Gomez is the youngest of five brothers, “That’s why I got into ‘old’ music,” he explained. His older brother bought a black Gibson Les Paul custom guitar with gold pickups; Gomez said he started playing it “every time my brother put it down.” When he was 10, his parents bought him an acoustic guitar of his own for Christmas. The singer-songwriter says, “From that point on, I knew playing music was what I wanted to do. I just had a confidence I could do it. Music served as a sort of escape or meditation ... something I always had in darker times.”

In the 1980s, Gomez’s family moved from Santa Fe to Taos, and his father became a furniture craftsman. “There’s a similarity between my dad’s work and mine,” Gomez said. “He really studied what he did; there were always a lot of books on old furniture in his studio.”

Like many before him, Gomez moved to Los Angeles, California, at 18 to follow his dream of becoming a working musician.

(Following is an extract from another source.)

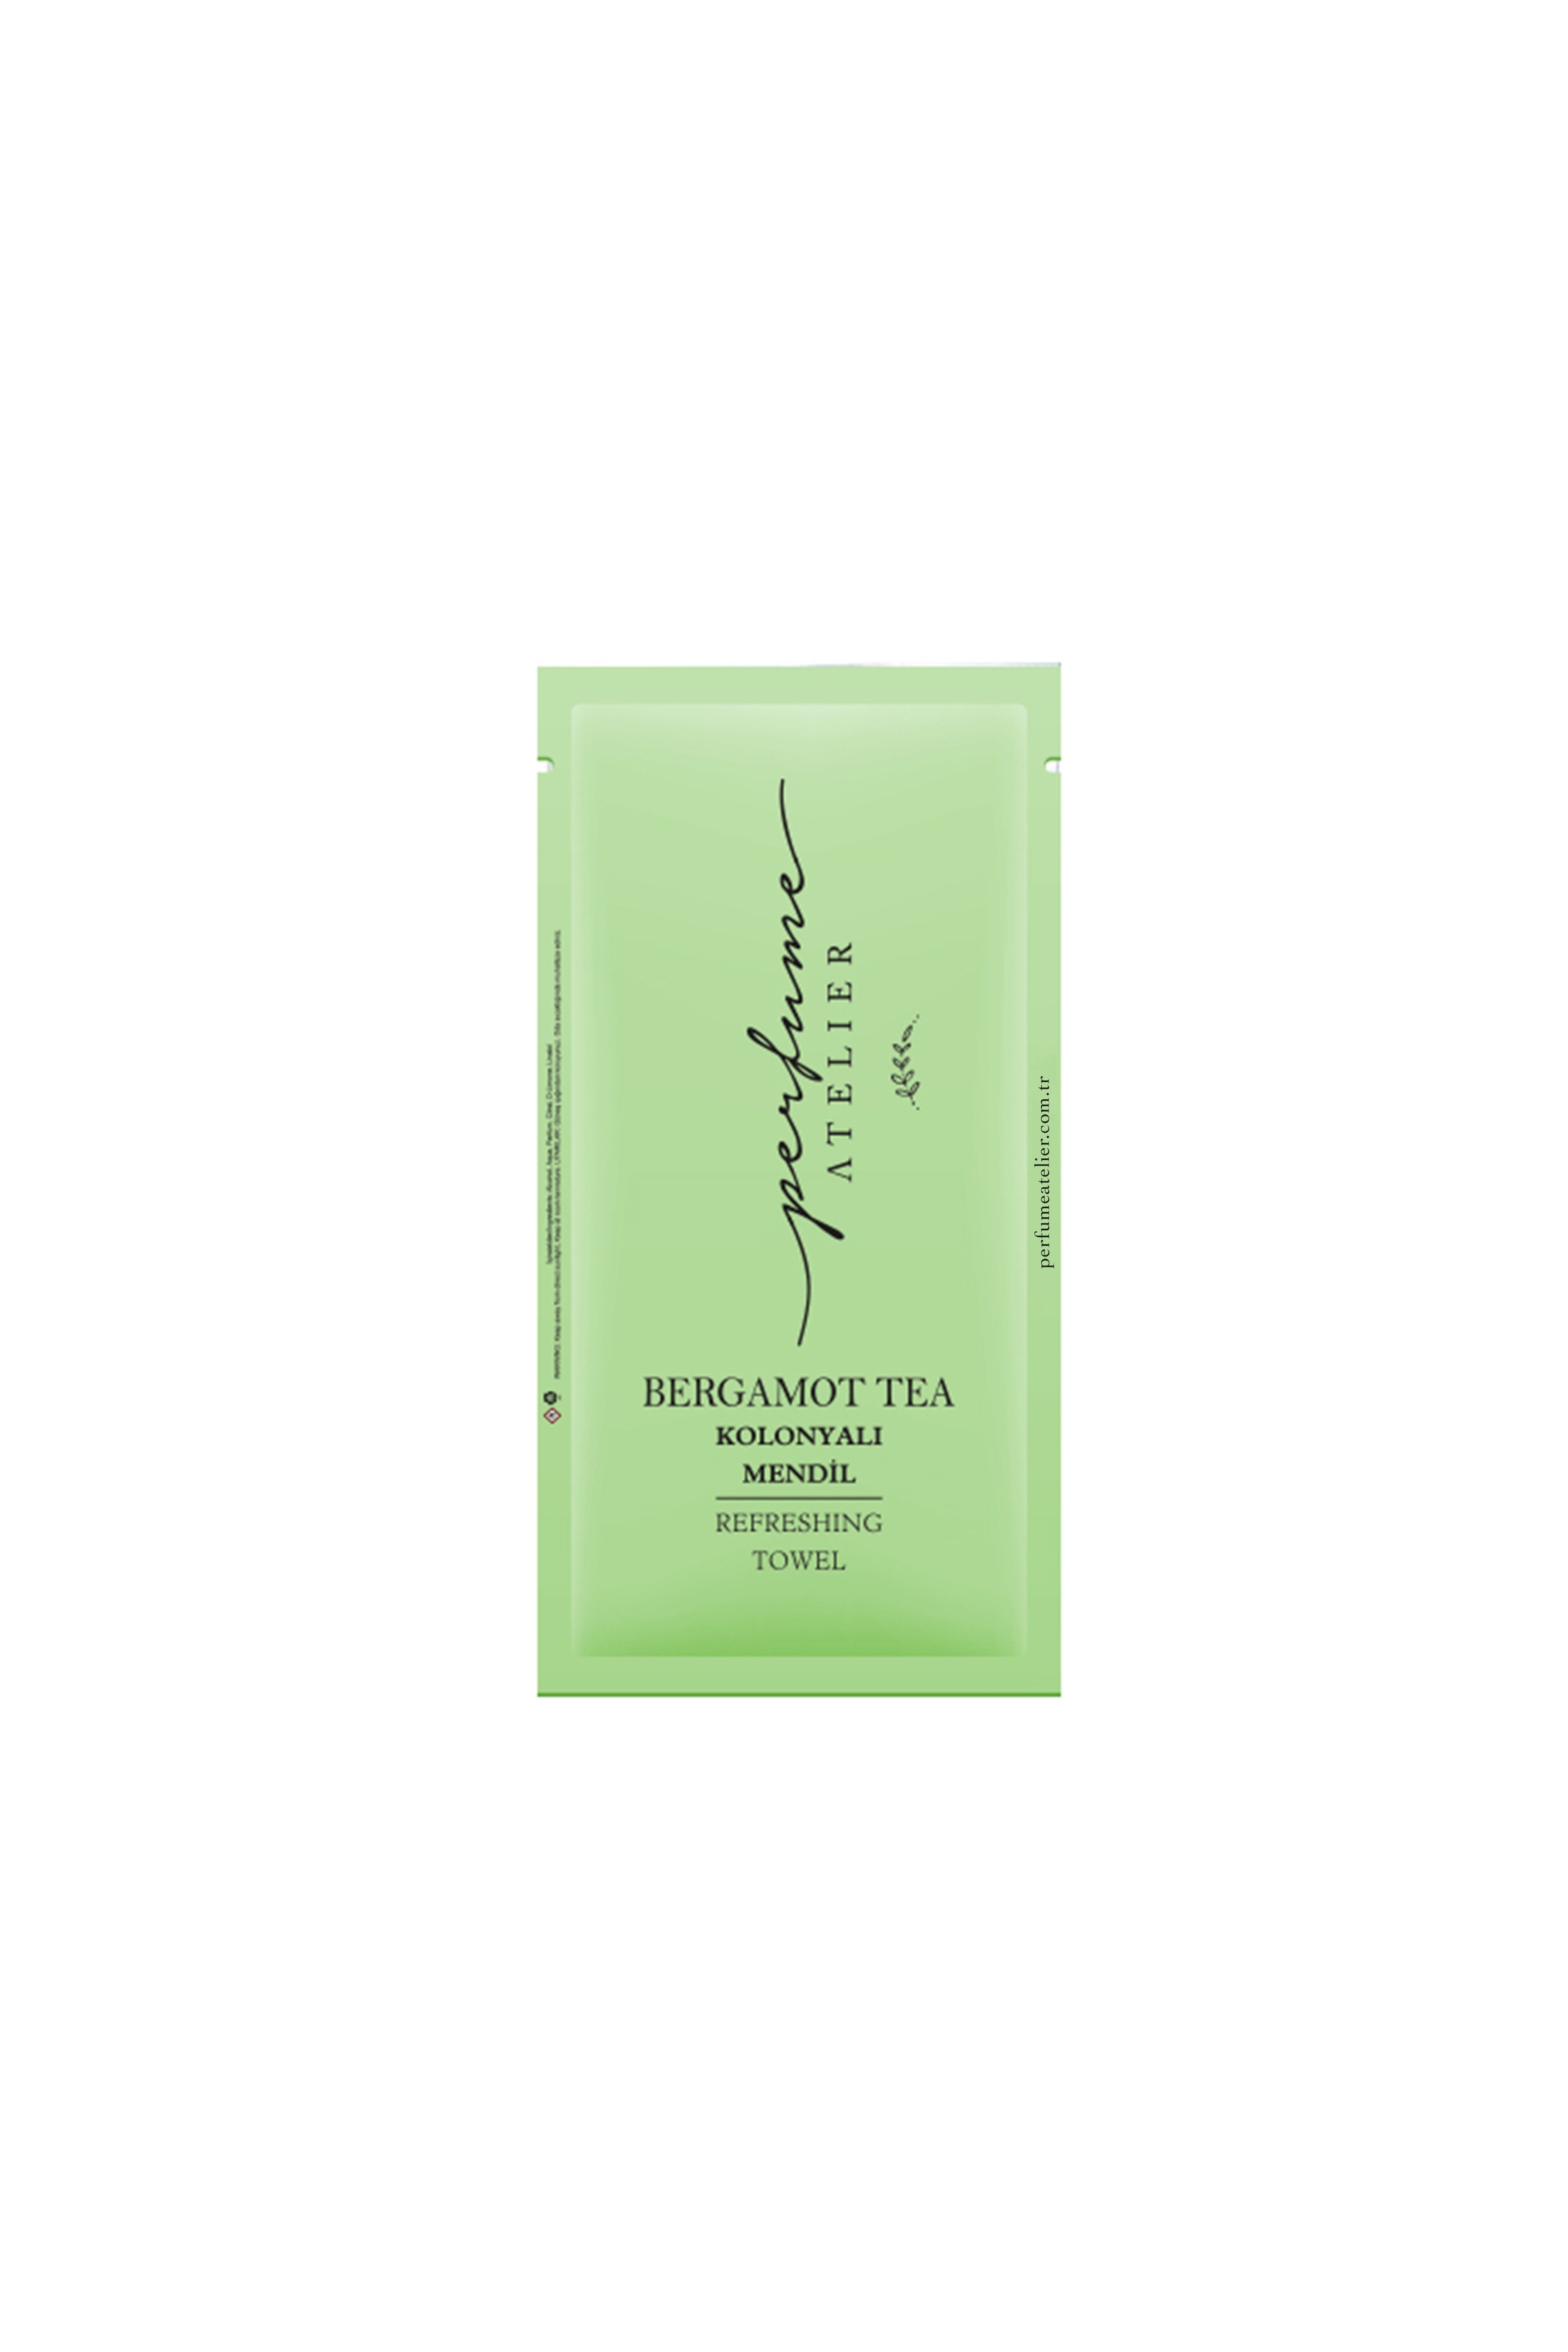  Bergamot Tea 100's  Refreshing Towels main variant image

He started writing music. He said, “My songs are fictional tales about real life. They are about everything. Recently, I even wrote a song about an antique store. I like to find humor in music and in storytelling, but I still have a spot in my heart that tends to make songs for, or about, love.”

Gomez partnered to write songs with American singer-songwriter and Grammy nominee Shawn Mullins, who later recorded them. “That’s when I began taking it all a little more seriously and turned my music into a job,” Gomez said.

He then began recording his own songs with producers in New York, Los Angeles and Nashville, Tennessee. His debut album, titled “Rule the World,” was released in 2013 by New West Records, a label that’s also home to musicians Dwight Yoakam (who, incidentally, performed in Taos last summer), Kris Kristofferson and R.E.M. Soon after, film actor Kiefer Sutherland directed the music video for his single, “Run From You.”

Gomez’s sound is rich. It’s cut from the cloth of Townes Van Zandt, and the arresting arpeggios of his hand-picked guitar strings are contrasted by a production and arrangement that’s purely contemporary. His voice is at once filled with a smoky sense of forlorn ache and optimism. Lyrically, he speaks as someone who’s lived fully and leaned into both the honorable and unhealthy. The titular track, “Joe,” illustrates this well. Jed Zimmerman, who will also perform on Friday, writes: “If cocaine was coffee, if pain turned into cash, then I’d be rich and respectable. I wouldn’t run from the past.”

Sideman and songwriter Keith Sykes said, “I first saw Max perform when he was 17, about 10 years ago, and sensed he had something even then. When I saw him last year, I was pleased to see and hear, something has turned into it. Listen and you’ll see, and hear, what I mean. He’s among the best of his generation.”

Gomez said he feels like he is finally “finding a place at the table in the music industry. I feel closer than ever with a great reception to my album ‘Me and Joe,’ my tours are getting great reviews and I’m starting to feel like I know my path. I’ve created a steady job for myself … it’s art when it can be and a job most of the rest of the time. I do it for the art.”

Gomez said the lineup for his Taos concert promises to be a mix of old and new.